Впрочем, как мы видели, наша нервная система еще отнюдь не сформирована до конца, когда нас вытягивают из материнского чрева; основа нашей личности закладывается на ранних этапах жизни, пока мы, в сущности, беспомощны. Мы есть смесь природы и воспитания, ведь на нас влияют и биология, и культура, и опыт. Эта небиологическая составляющая может заставить вас думать, будто бы мы все-таки свободны. Но даже если оставить в стороне биологию, тип нашей личности определяется, главным образом, переживаниями детского возраста, которые нам неподконтрольны и почти необратимы.

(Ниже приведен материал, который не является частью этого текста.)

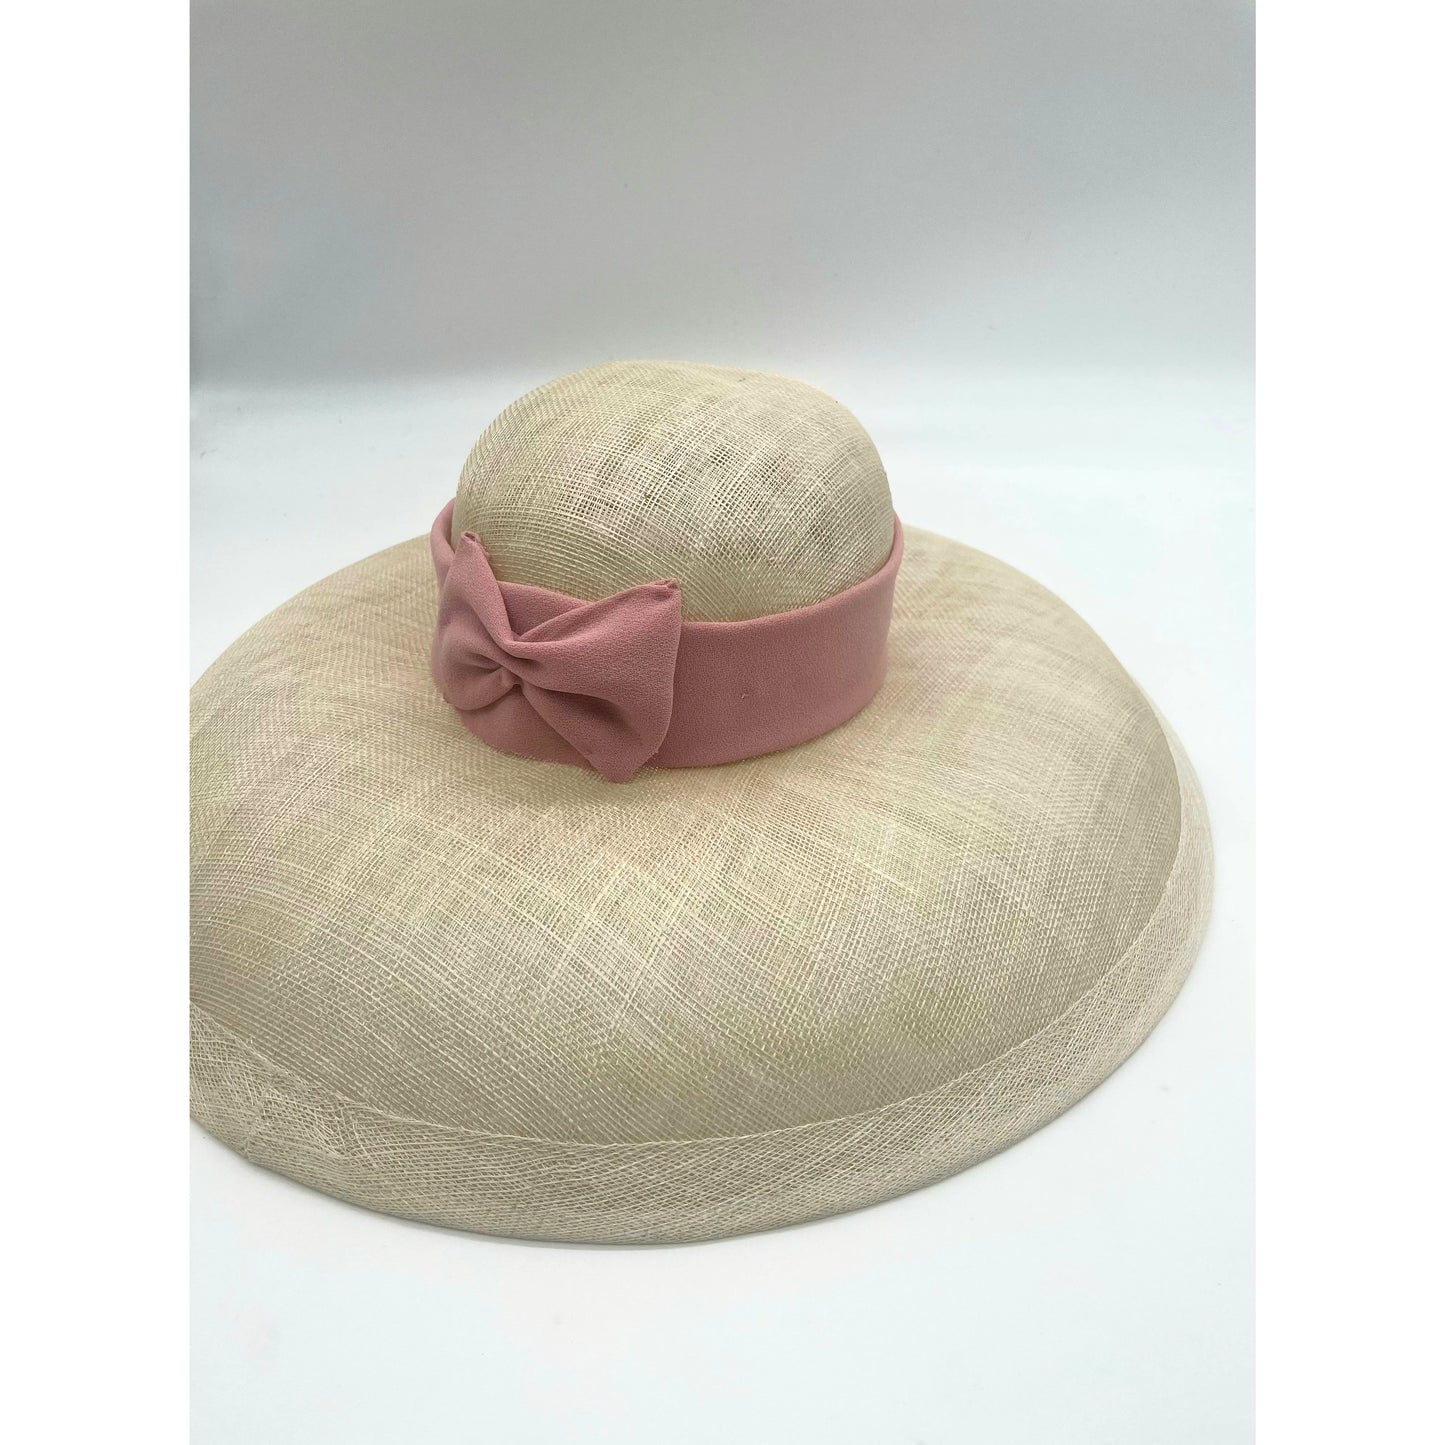 Ivory and Blush hat

К тому времени, когда мы становимся достаточно взрослыми, чтобы осознать свойства своей личности и задаться вопросом о том, можно ли ее как-то изменить, основная часть этих процессов уже завершена.

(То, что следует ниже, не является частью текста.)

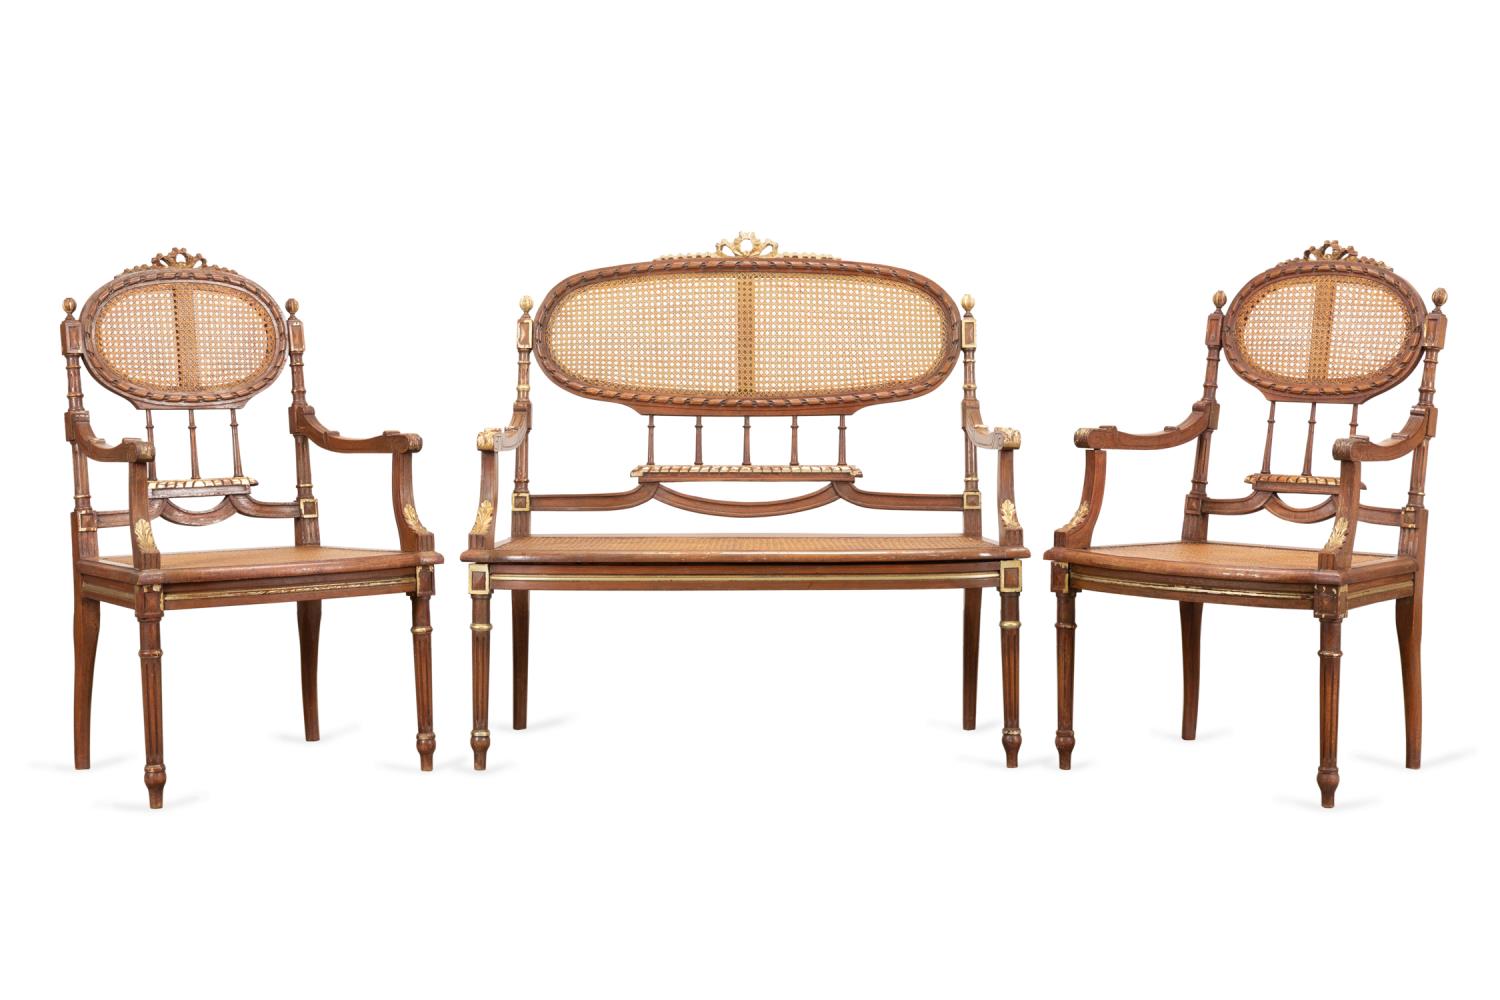 3PCS NEOCLASSICAL STYLE CANED PARLOR

Все это не добавляет оптимизма в плане наших возможностей повлиять на то, кем мы хотим стать. Я подумал о Джоне Придморе, который, даже находясь в самом апогее своего католицизма, был вполне узнаваемым Джоном Придмором, когда лупил человека, плюнувшего на его машину. Я подумал о Васконселлосе и его постоянной борьбе с гневом и депрессией, не отступавшими, несмотря на его заявления, что он якобы выпил волшебное зелье самоуверенности. Подумал я и о своем визите в Эсален. То, что я был столь тепло и охотно принят группой, временами, казалось, трансформировало меня, но правда вырвалась из моих уст, когда я машинально сердито огрызнулся на хиппи, назвав их «чертовыми идиотами». А затем последовала обескураживающая речь на конференции о «Духовной тирании»: «Даже у лучшего психолога глиняное сердце. Фриц был грязным старикашкой. Фрейд не мог бросить курить сигары. А Уилл Шутц не прыгает от радости». И разве можно забыть слова бывшей любовницы Майкла Мерфи, сооснователя института Эсален: «Он получил консультаций на миллион долларов от лучших психологов страны. И ни одна из них не помогла». Это похоже на константу или на архетип: гуру, утверждающий, будто он нашел самый главный ответ, но очевидно неспособный сам стать другим человеком.

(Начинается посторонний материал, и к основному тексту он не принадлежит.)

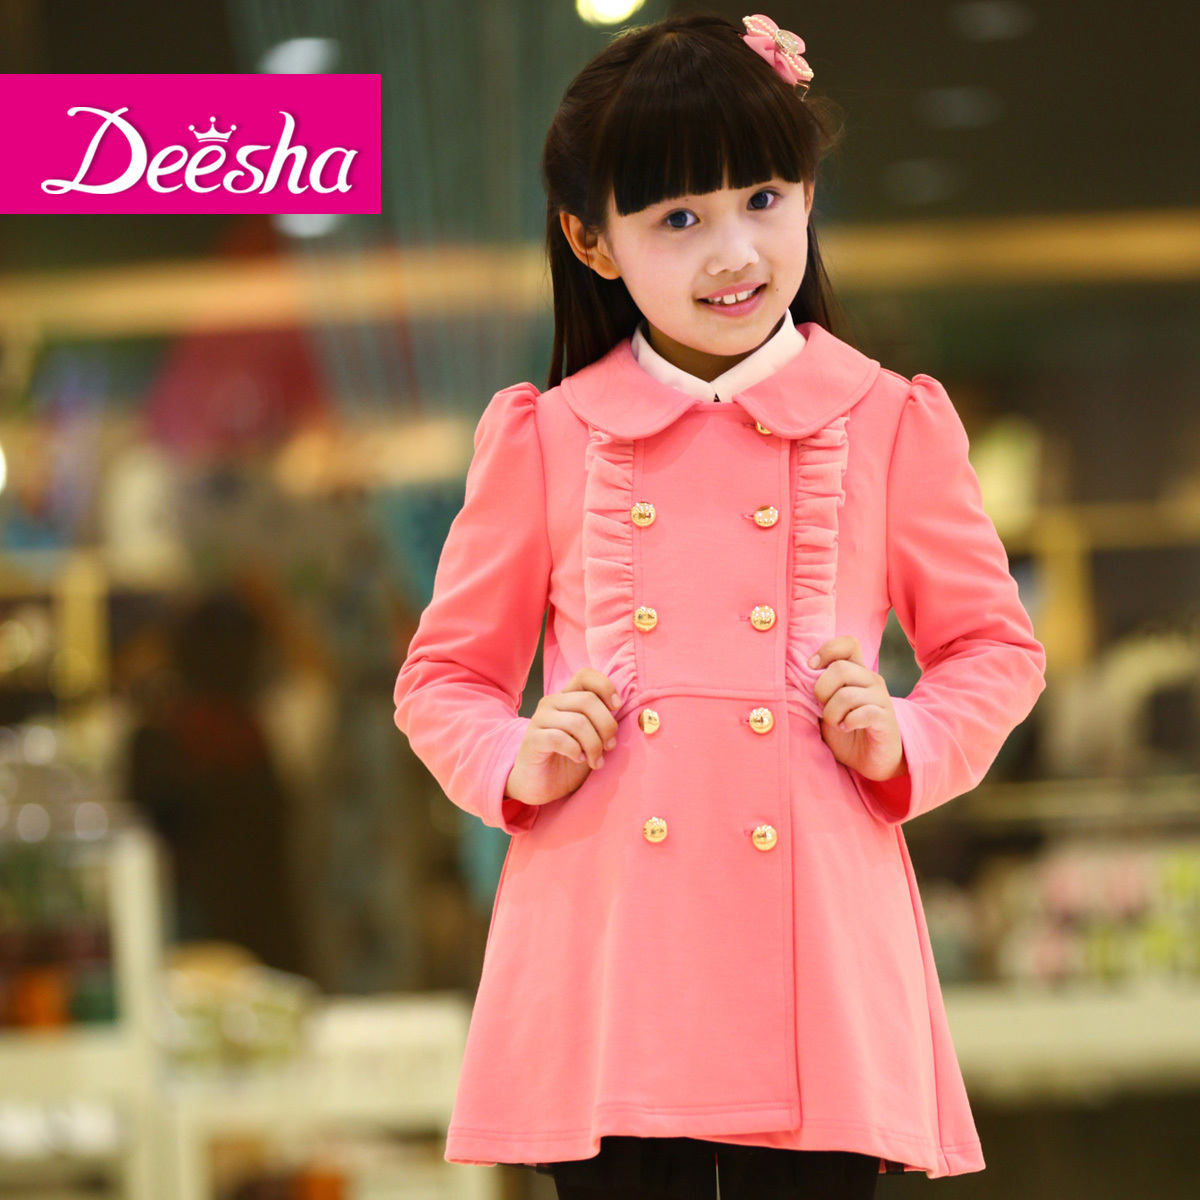 DEESHA 2012 spring and autumn female clothing princess medium-long trench outerwear 1217004

Это, конечно, не означает, что мы совсем не меняемся или не можем измениться. Люди растут и взрослеют, учатся разным вещам, становятся более мудрыми и осведомленными о том или ином; травматические события могут причинить им вред, а их показатели невротизма снижаются, когда они преодолевают кризисную ситуацию. Считается, что психотерапевтическое вмешательство способно повлиять на черты личности (но не трансформировать их) [110]. Случаются также разнообразные предсказуемые сдвиги, когда мы стареем; например, вместе с завершением периода среднего возраста часто снижается открытость опыту. Перемены могут наступать и вследствие давления среды: культурные изменения иногда провоцируют у некоторых людей всплеск нарциссизма, а война вызывает рост тревожности. «Не следует понимать идею о стабильности личности так, будто мы ничего не способны изменить при среднем уровне, – уточняет Дэниел. – Люди в секторе Газа сверхтревожны. Но даже там одни люди тревожнее других». Однако верно то, что индивидуум не может одной лишь силой воли трансформировать свою фундаментальную природу. Хотя гены – не судьба или рок, они все же накладывают известные ограничения. Я поделился с Дэниелом своим соображением о том, что, прочитав его книгу, я начал представлять себе личность взрослого человека иначе: не как смирительную рубашку, а как тюремную камеру, в которой ты можешь, например, подойти к окну. «Возможно, ваша метафора не вполне удачна, – ответил он. – Вы можете очень постараться и, скажем, развить свои навыки социального взаимодействия или перестать быть трудоголиком, по крайней мере на время. Но привычки все равно возьмут верх. Вас будет как будто сносить течением».
«То есть тюремная камера с наклонным полом?»
Он пожал плечами, вроде бы соглашаясь.